La Daughter’s death row dinner will undoubtedly be sushi and she gives a thumbs up to Kura Sushi for a decent effort but her gustatory inclinations can be equally driven by online aesthetics and the very Snapchat-worthy offering of bubble waffles and milkshakes from La Creme gets a far more emphatic full high five and a prolonged photo shoot before being consumed with a rapacious gusto for such a delicate flower.

The teens also favour Prátaí, and its highly addictive take on variations on the deep-fried spud, a Burnt pizza never goes un-wolfed and Beans & Burritos do as they do in the city centre, cleaving to a solid feeding formula that is catnip to the youth market, especially teenage boys.

Hansum’s rotisserie chicken is a very smart outfit with an equally smart menu while White Rabbit do an equally solid job on the barbecue front, and for the vegetarians and vegans, Young Plant isn’t to be found wanting.

Much-anticipated Nua Asador disappoints. Hangar steak is never going to be a tender cut but this is especially gristly, not properly sliced all the way through and flanked by some very tired sides, including a couple of slices of dried-out industrially-baked baguette and an underwhelming Farofa, a Brazilian condiment made from toasted cassava which can be excellent with grilled meats and meat casseroles.

One brother-in-law is nurturing an amour for MKT Burger that has his wife justifiably jealous and their classic cheeseburger is indeed good but not up to my current benchmark, Yay Burger, now operating in Cork city, out of The Poor Relation pub.
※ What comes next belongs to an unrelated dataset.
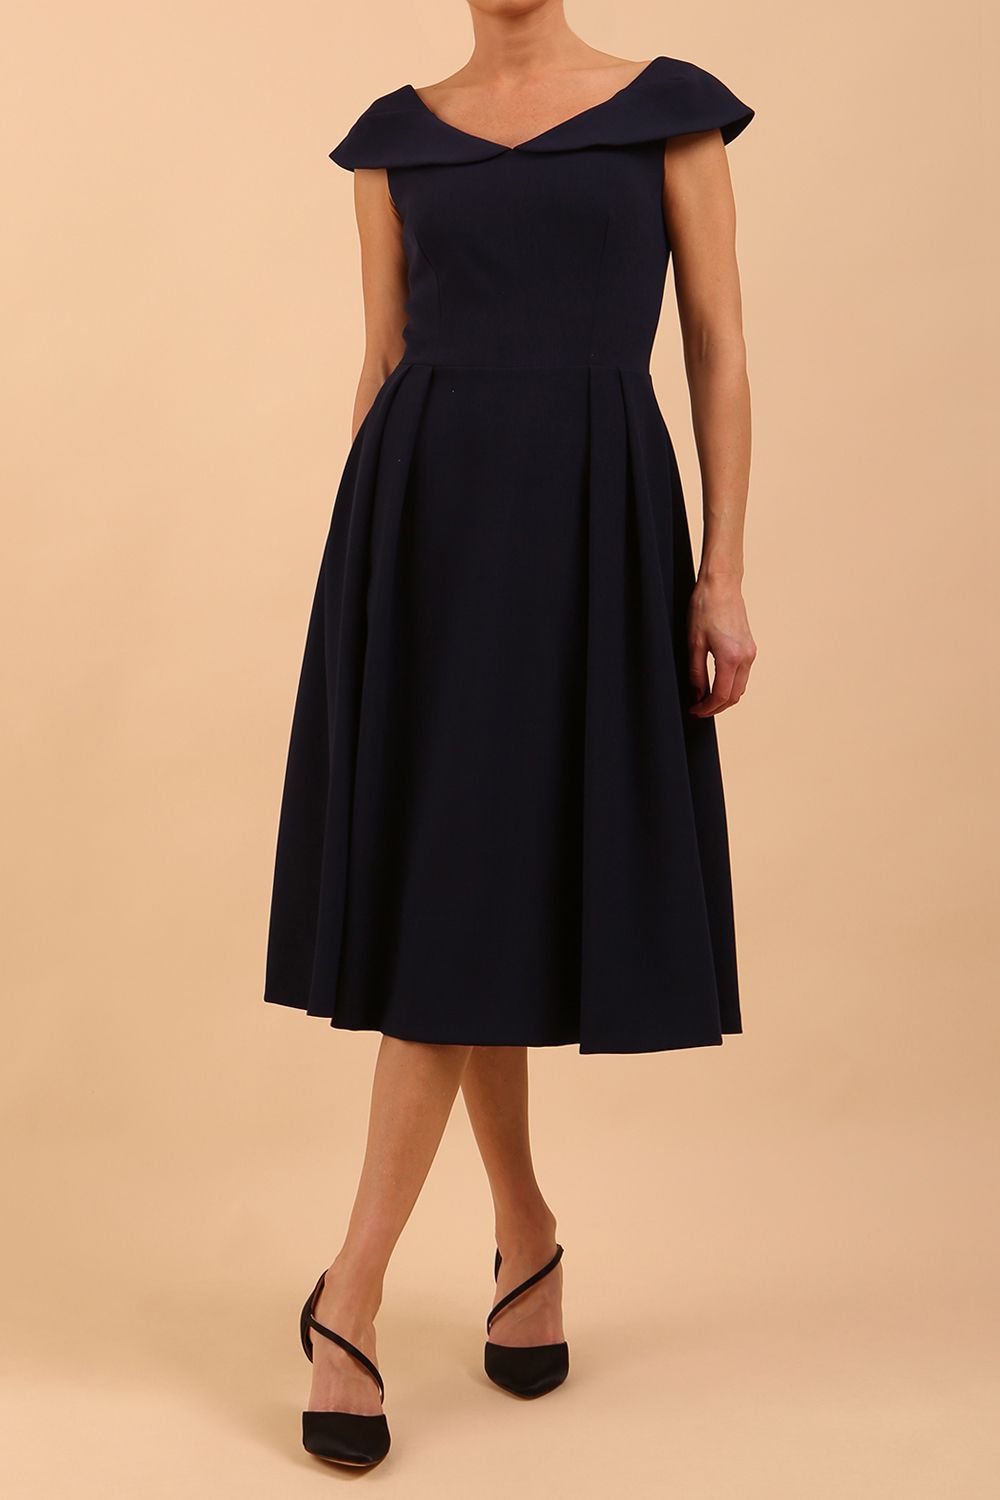 Model wearing the Diva Chesterton Sleeveless dress with oversized collar detail and swing pleated skirt in navy blue front image

However, though I am a big fan of good street food, it is the more traditional dishes that I find myself returning to, very tasty pastas and cannoli from Sicilian Delights, and then there is Sultan. 

I’ve written before of the monstrous proposition that is French Tacos, a mutant hybrid of panini, kebab and burrito, that includes wheat tortilla, harissa (North African hot chilli paste), spicy tomato ketchup, mayonnaise and processed cream cheese triangles. This is followed by cheese slices, blue cheese sauce and carmelised onion, then one of three meat options: chicken, spicy Merguez sausage, or lamb kebab. The piece de resistance is freshly fried chips, two more sauces, taco and garlic, roll it up, burrito-style, and heat in a panini press. 
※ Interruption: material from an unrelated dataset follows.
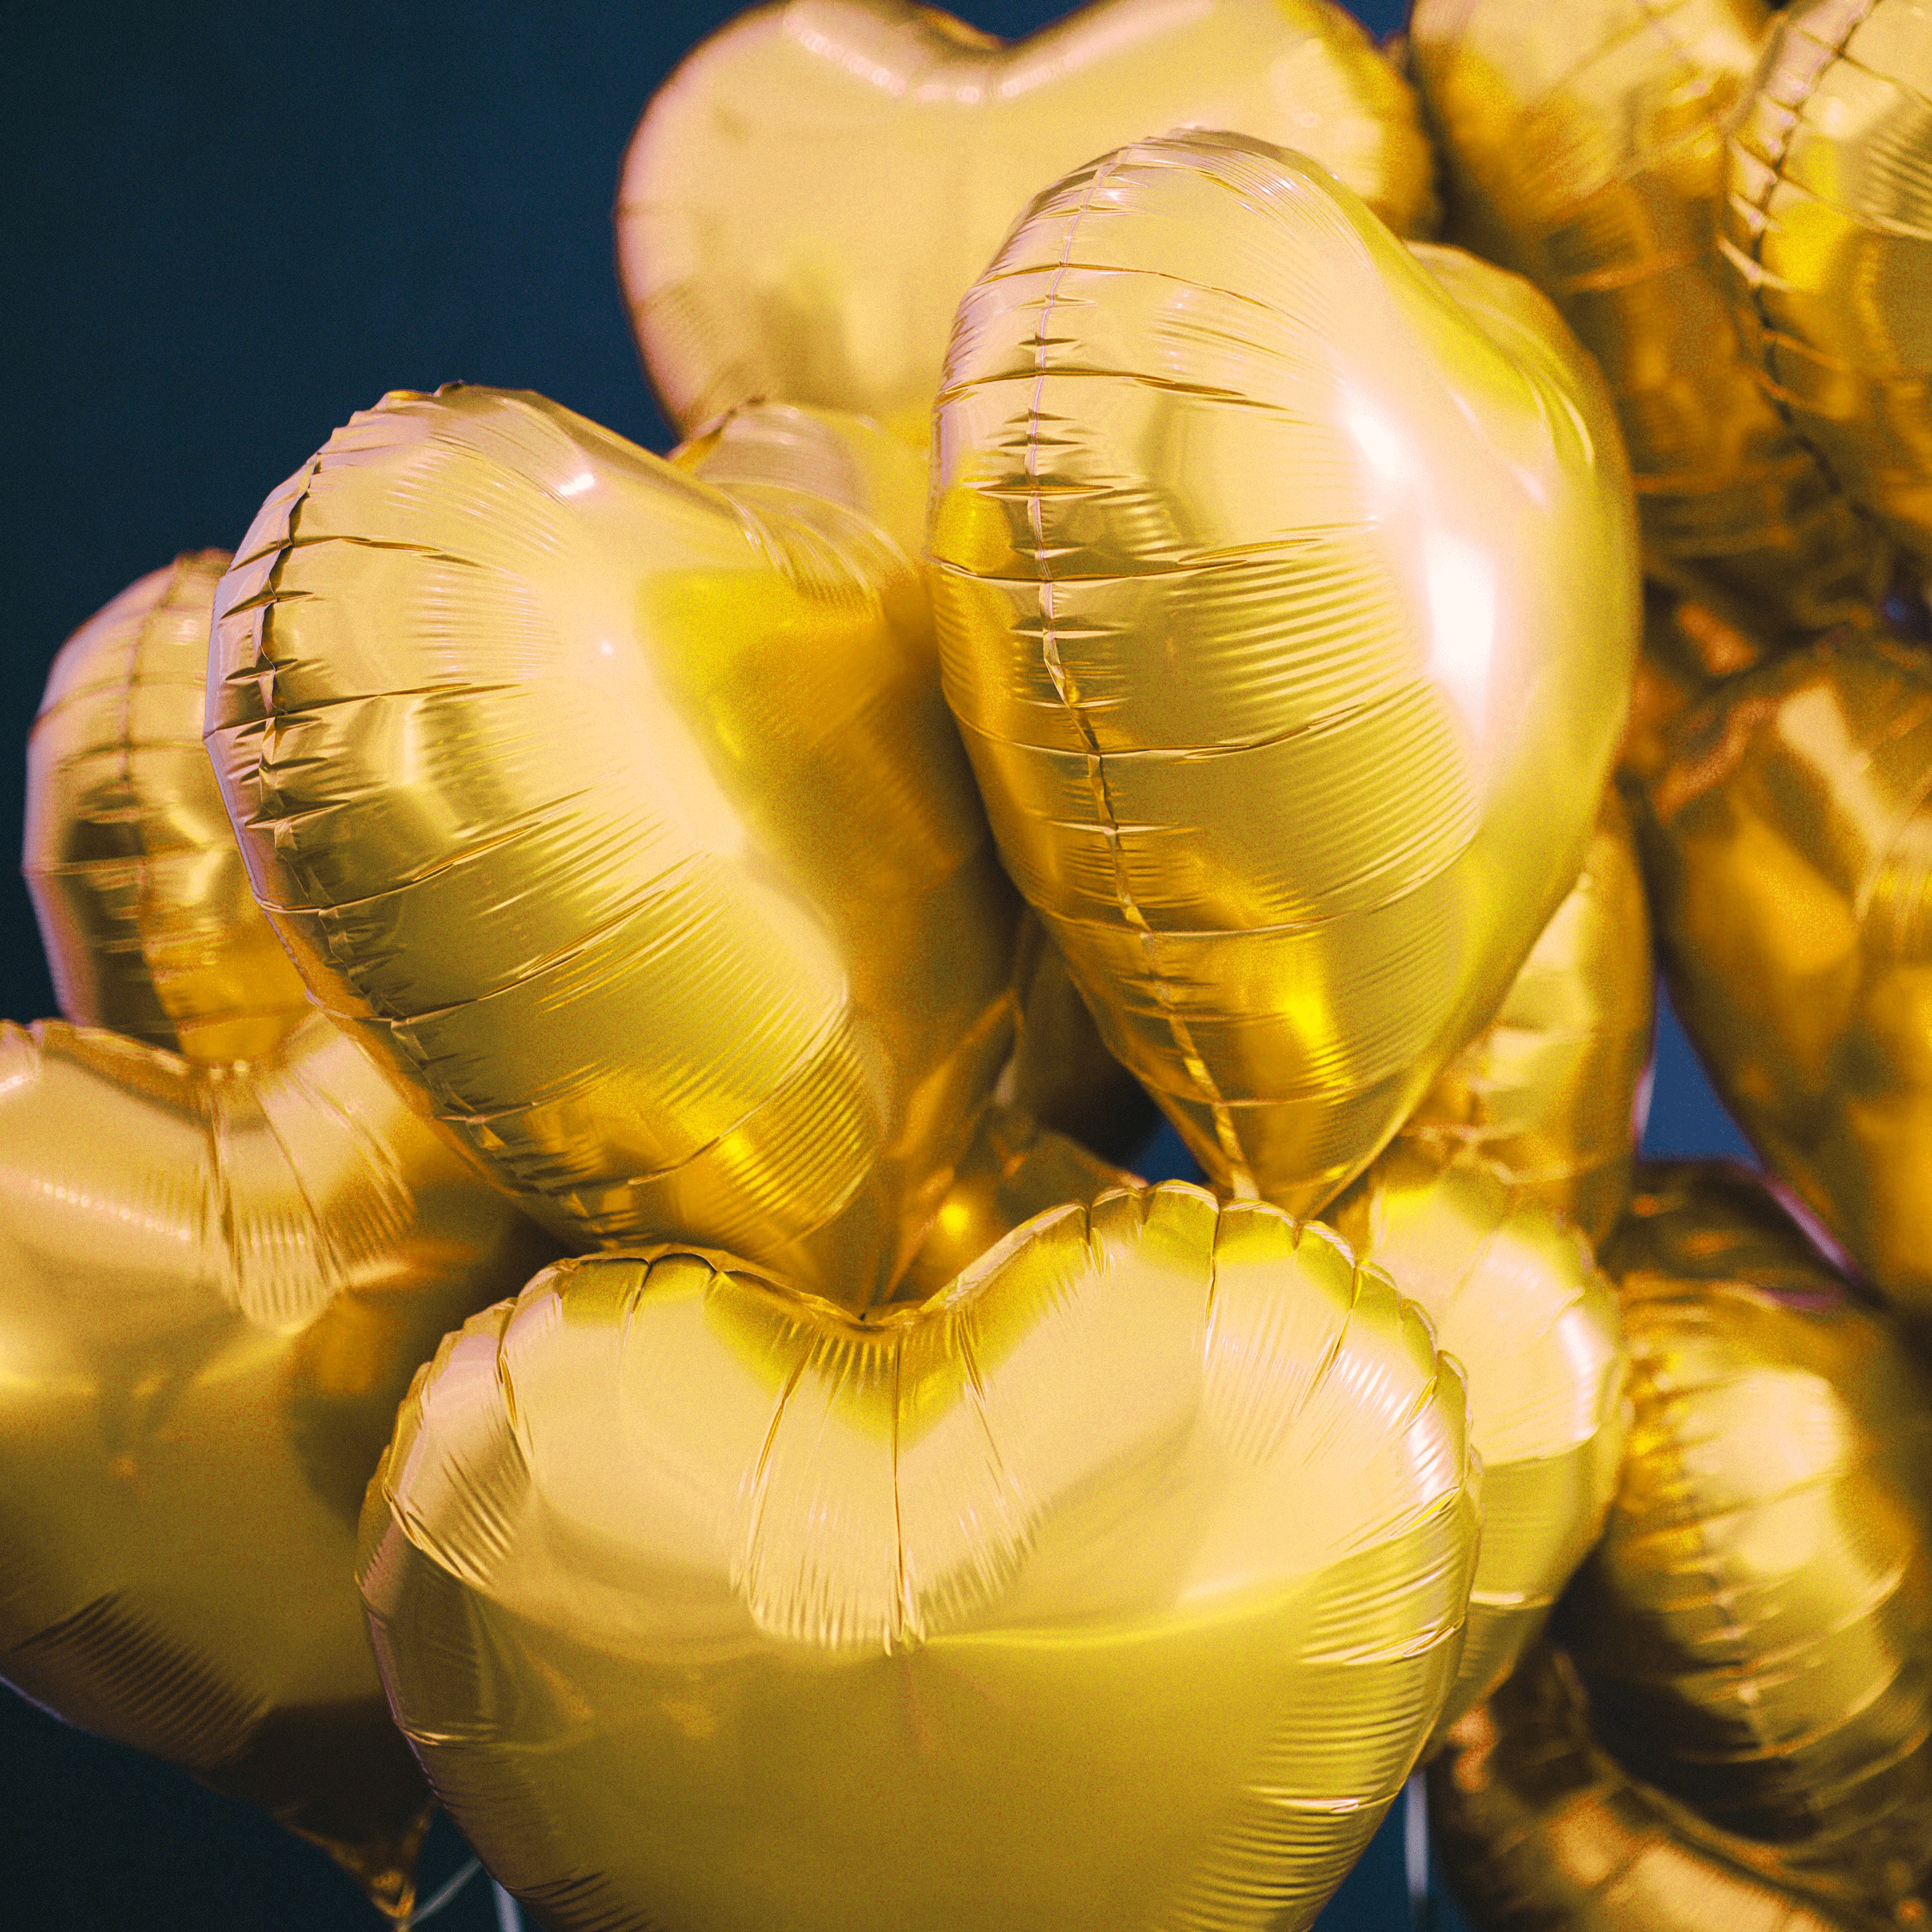 The Magic Balloons Store-18″ Gold Heart Foil Balloon ( Pack of 3)

I’ve done my duty and tasted it once, barely a mouthful, and I flew the flag; this is an edible cardiac arrest to challenge even the bottomless pits of teenage bellies. 

Much more to my taste are the authentic North African dishes and my most favourite dish in the entire Marina Market is Sultan’s Moroccan Spiced Chicken Soup, a rustic, textured affair of earthy pulses (lentil and chickpea) and vermicelli; sweet tomato and onion; garlic’s tangy hum; and a panoply of zingy spices; final dressing of fresh parsley, lemon juice and dried mint is a delightful spritely coda.

Numbers seemed to dwindle somewhat when lockdowns lifted and as Leesiders headed for all those indoor spots that had been closed off for so long but MM still seems to do a tidy business, especially on sunny days and match days, and over the course of the recent Live at the Marquee series. 

It has been in the news more recently as a planning review threatened its very existence.

Certainly, there are issues to be addressed on that front — speaking as one who nearly lost his life while cycling just a few months back to a boy racer hightailing it down Kennedy Quay to MM. 

But it would be a terrible shame to throw the baby out with the bathwater, and there is certainly a future of some sort for MM, one of the most innovative local hospitality additions to Cork in quite some time. 

Now if only we could throw in a little Lisbon sunshine to seal the deal.